Instructions for the task
From the data below, set down exactly the lines between the one holding "療法誠実さ甘美なファンケル(FANCL)エンリッチ 化粧液II しっとり" and the one holding "Kletterausrüstung Für Draußen", inclusive, and no others.

##### Records #####

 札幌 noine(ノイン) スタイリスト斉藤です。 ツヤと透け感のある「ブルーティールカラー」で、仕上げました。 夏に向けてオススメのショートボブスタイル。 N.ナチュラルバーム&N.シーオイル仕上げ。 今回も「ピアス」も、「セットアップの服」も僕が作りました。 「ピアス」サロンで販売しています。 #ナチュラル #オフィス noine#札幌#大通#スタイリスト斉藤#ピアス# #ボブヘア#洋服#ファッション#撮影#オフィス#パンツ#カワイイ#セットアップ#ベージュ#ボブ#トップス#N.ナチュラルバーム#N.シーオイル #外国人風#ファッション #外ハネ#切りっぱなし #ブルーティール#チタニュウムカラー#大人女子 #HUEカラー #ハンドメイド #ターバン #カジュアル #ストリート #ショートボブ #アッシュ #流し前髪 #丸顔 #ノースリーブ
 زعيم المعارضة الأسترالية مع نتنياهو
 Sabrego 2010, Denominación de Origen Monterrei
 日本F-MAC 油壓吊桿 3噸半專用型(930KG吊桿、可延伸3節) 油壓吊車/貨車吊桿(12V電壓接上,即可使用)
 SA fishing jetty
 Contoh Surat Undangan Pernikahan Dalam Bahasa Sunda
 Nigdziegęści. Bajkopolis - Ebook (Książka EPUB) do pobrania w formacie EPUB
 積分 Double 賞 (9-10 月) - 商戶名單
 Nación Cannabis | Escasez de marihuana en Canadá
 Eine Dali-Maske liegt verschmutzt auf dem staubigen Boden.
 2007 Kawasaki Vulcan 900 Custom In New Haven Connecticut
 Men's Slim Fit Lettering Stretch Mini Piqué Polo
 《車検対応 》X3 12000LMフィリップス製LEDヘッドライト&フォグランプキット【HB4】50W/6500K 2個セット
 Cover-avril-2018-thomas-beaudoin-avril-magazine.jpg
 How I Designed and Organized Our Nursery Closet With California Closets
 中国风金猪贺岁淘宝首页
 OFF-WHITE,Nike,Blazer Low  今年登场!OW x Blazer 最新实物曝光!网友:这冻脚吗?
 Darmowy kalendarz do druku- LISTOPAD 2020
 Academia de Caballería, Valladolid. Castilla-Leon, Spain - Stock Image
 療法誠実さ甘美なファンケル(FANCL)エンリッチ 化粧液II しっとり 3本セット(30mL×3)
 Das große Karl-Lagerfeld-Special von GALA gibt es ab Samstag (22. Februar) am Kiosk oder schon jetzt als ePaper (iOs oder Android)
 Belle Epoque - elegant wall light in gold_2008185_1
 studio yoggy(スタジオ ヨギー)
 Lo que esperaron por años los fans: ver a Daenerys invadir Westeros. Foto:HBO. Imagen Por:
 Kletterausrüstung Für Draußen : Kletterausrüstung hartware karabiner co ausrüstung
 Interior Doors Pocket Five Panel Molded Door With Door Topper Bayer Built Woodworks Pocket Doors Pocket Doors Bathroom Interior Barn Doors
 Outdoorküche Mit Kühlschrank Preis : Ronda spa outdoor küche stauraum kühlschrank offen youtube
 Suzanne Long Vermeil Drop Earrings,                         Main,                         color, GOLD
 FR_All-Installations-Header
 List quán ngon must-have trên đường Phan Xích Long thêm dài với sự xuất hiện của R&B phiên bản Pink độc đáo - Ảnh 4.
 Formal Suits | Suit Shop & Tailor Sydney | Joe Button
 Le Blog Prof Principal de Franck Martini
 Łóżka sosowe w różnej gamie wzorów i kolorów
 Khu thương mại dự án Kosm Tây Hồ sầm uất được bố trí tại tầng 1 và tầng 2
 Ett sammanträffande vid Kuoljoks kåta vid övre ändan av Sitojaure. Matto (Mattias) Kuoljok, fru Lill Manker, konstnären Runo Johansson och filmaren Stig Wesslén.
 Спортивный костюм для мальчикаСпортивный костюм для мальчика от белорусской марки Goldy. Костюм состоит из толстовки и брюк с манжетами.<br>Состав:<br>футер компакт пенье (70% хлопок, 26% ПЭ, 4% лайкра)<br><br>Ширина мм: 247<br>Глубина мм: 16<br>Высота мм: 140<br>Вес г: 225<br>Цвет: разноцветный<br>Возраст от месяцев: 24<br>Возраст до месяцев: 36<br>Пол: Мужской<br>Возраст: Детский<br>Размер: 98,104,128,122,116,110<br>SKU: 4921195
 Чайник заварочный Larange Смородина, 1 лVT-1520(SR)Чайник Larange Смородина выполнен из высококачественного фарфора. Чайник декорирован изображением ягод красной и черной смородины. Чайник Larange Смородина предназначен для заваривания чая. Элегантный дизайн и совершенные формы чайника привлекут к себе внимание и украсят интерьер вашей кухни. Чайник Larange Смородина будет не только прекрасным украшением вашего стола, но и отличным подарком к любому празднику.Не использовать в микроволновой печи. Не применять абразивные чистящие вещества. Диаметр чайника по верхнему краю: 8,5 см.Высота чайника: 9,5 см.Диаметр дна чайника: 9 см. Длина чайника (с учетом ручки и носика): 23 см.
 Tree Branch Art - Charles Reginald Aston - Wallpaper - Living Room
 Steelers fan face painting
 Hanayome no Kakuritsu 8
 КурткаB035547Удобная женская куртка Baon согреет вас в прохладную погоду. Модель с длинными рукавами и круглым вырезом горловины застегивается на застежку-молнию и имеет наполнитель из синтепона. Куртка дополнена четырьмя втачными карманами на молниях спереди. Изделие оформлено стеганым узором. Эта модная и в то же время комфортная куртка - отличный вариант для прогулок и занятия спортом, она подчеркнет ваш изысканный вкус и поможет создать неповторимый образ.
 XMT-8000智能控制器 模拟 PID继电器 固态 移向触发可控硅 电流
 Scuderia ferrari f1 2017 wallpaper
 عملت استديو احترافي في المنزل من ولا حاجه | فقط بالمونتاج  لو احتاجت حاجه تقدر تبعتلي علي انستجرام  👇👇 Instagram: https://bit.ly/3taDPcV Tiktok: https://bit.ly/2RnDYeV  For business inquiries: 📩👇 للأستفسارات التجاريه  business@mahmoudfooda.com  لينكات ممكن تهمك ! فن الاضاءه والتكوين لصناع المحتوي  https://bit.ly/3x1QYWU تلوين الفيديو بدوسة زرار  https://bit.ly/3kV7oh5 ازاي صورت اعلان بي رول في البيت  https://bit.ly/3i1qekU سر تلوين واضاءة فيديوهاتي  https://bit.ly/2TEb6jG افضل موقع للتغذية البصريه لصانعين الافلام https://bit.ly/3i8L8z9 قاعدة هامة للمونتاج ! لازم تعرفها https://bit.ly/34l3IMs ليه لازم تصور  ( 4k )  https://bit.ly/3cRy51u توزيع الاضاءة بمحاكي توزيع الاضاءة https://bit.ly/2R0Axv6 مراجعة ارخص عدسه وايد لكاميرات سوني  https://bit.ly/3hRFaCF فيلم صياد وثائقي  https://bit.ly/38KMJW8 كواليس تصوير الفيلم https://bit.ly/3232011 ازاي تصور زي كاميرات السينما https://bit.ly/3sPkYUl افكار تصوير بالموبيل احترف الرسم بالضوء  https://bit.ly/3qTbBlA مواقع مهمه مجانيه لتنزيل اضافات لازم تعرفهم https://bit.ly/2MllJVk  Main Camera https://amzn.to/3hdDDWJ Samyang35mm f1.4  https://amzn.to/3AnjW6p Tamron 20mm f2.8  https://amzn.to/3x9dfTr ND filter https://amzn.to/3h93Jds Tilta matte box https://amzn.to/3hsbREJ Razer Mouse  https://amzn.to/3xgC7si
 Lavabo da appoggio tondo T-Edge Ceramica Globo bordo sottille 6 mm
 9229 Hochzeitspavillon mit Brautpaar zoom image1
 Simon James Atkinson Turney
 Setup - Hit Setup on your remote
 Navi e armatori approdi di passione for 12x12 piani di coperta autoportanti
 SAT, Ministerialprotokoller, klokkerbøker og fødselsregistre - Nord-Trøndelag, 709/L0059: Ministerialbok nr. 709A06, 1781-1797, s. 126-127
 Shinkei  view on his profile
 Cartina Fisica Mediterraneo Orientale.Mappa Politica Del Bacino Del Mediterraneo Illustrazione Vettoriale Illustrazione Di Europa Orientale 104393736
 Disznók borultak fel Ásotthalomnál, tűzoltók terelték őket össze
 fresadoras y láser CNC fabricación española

#####

Exercise output
 療法誠実さ甘美なファンケル(FANCL)エンリッチ 化粧液II しっとり 3本セット(30mL×3)
 Das große Karl-Lagerfeld-Special von GALA gibt es ab Samstag (22. Februar) am Kiosk oder schon jetzt als ePaper (iOs oder Android)
 Belle Epoque - elegant wall light in gold_2008185_1
 studio yoggy(スタジオ ヨギー)
 Lo que esperaron por años los fans: ver a Daenerys invadir Westeros. Foto:HBO. Imagen Por:
 Kletterausrüstung Für Draußen : Kletterausrüstung hartware karabiner co ausrüstung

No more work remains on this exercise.